In here you will find the API for everything exposed in this extension.

Configuring Quart-JWT-Extended

class quart_jwt_extended.JWTManager(app=None)[source]

An object used to hold JWT settings and callback functions for the Quart-JWT-Extended extension.

Instances of JWTManager are not bound to specific apps, so you can create one in the main body of your code and then bind it to your app in a factory function.

__init__(app=None)[source]

Create the JWTManager instance. You can either pass a quart application in directly here to register this extension with the quart app, or call init_app after creating this object (in a factory pattern).

Parameters:

app – A quart application

init_app(app)[source]

Register this extension with the quart app.

Parameters:

app – A quart application

claims_verification_loader(callback)[source]

This decorator sets the callback function that will be called when a protected endpoint is accessed, and will check if the custom claims in the JWT are valid. By default, this callback is not used. The error returned if the claims are invalid can be controlled via the claims_verification_failed_loader() decorator.

HINT: This callback must be a function that takes one argument, which is the custom claims (python dict) present in the JWT, and returns `True` if the claims are valid, or `False` otherwise.

claims_verification_failed_loader(callback)[source]

This decorator sets the callback function that will be called if the claims_verification_loader() callback returns False, indicating that the user claims are not valid. The default implementation will return a 400 status code with the JSON:

{“msg”: “User claims verification failed”}

HINT: This callback must be a function that takes no arguments, and returns a Quart response.

decode_key_loader(callback)[source]

This decorator sets the callback function for getting the JWT decode key and can be used to dynamically choose the appropriate decode key based on token contents.

The default implementation returns the decode key specified by JWT_SECRET_KEY or JWT_PUBLIC_KEY, depending on the signing algorithm.

HINT: The callback function should be a function that takes two arguments, which are the unverified claims and headers of the jwt (dictionaries). The function must return a string which is the decode key in PEM format to verify the token.

encode_key_loader(callback)[source]

This decorator sets the callback function for getting the JWT encode key and can be used to dynamically choose the appropriate encode key based on the token identity.

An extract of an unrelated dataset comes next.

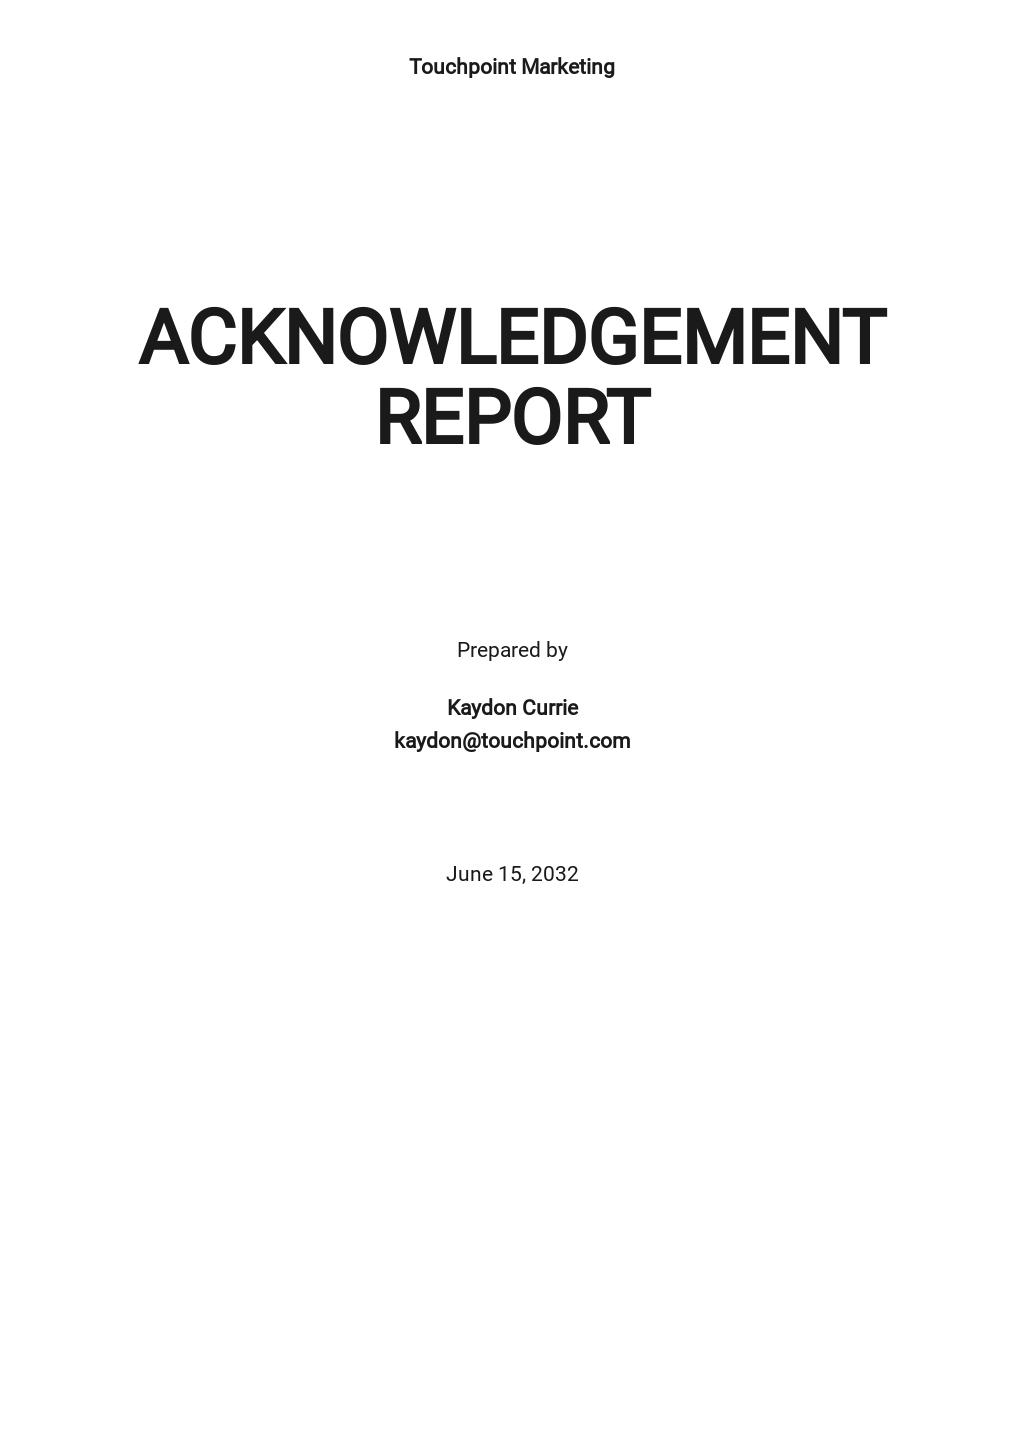 Acknowledgment Report Sample Template

The default implementation returns the encode key specified by JWT_SECRET_KEY or JWT_PRIVATE_KEY, depending on the signing algorithm.

HINT: The callback function must be a function that takes only one argument, which is the identity as passed into the create_access_token or create_refresh_token functions, and must return a string which is the decode key to verify the token.

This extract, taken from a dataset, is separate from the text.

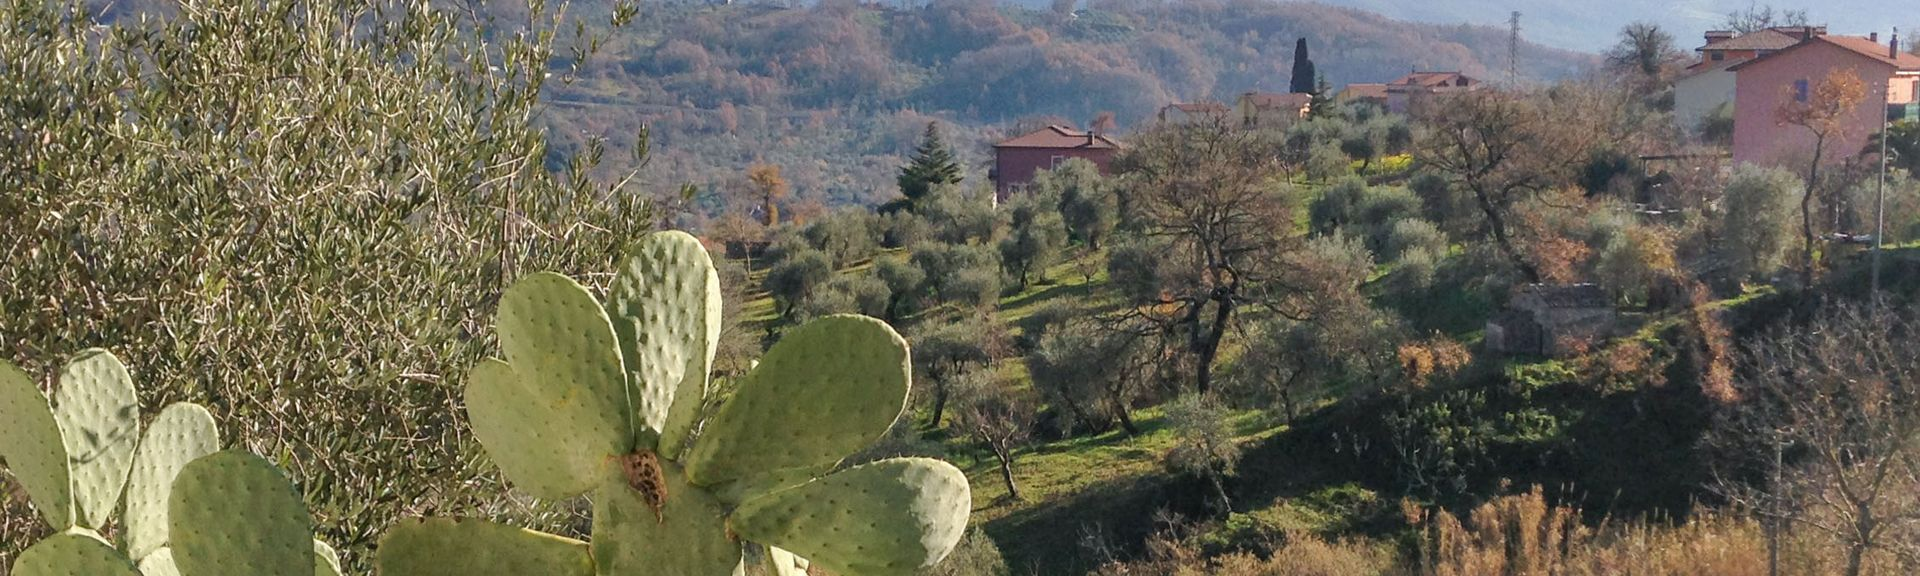 Acerno, Salerno, Campania, Italy

expired_token_loader(callback)[source]

This decorator sets the callback function that will be called if an expired JWT attempts to access a protected endpoint. The default implementation will return a 401 status code with the JSON:

{“msg”: “Token has expired”}

HINT: The callback must be a function that takes one argument, which is a dictionary containing the data for the expired token, and and returns a Quart response.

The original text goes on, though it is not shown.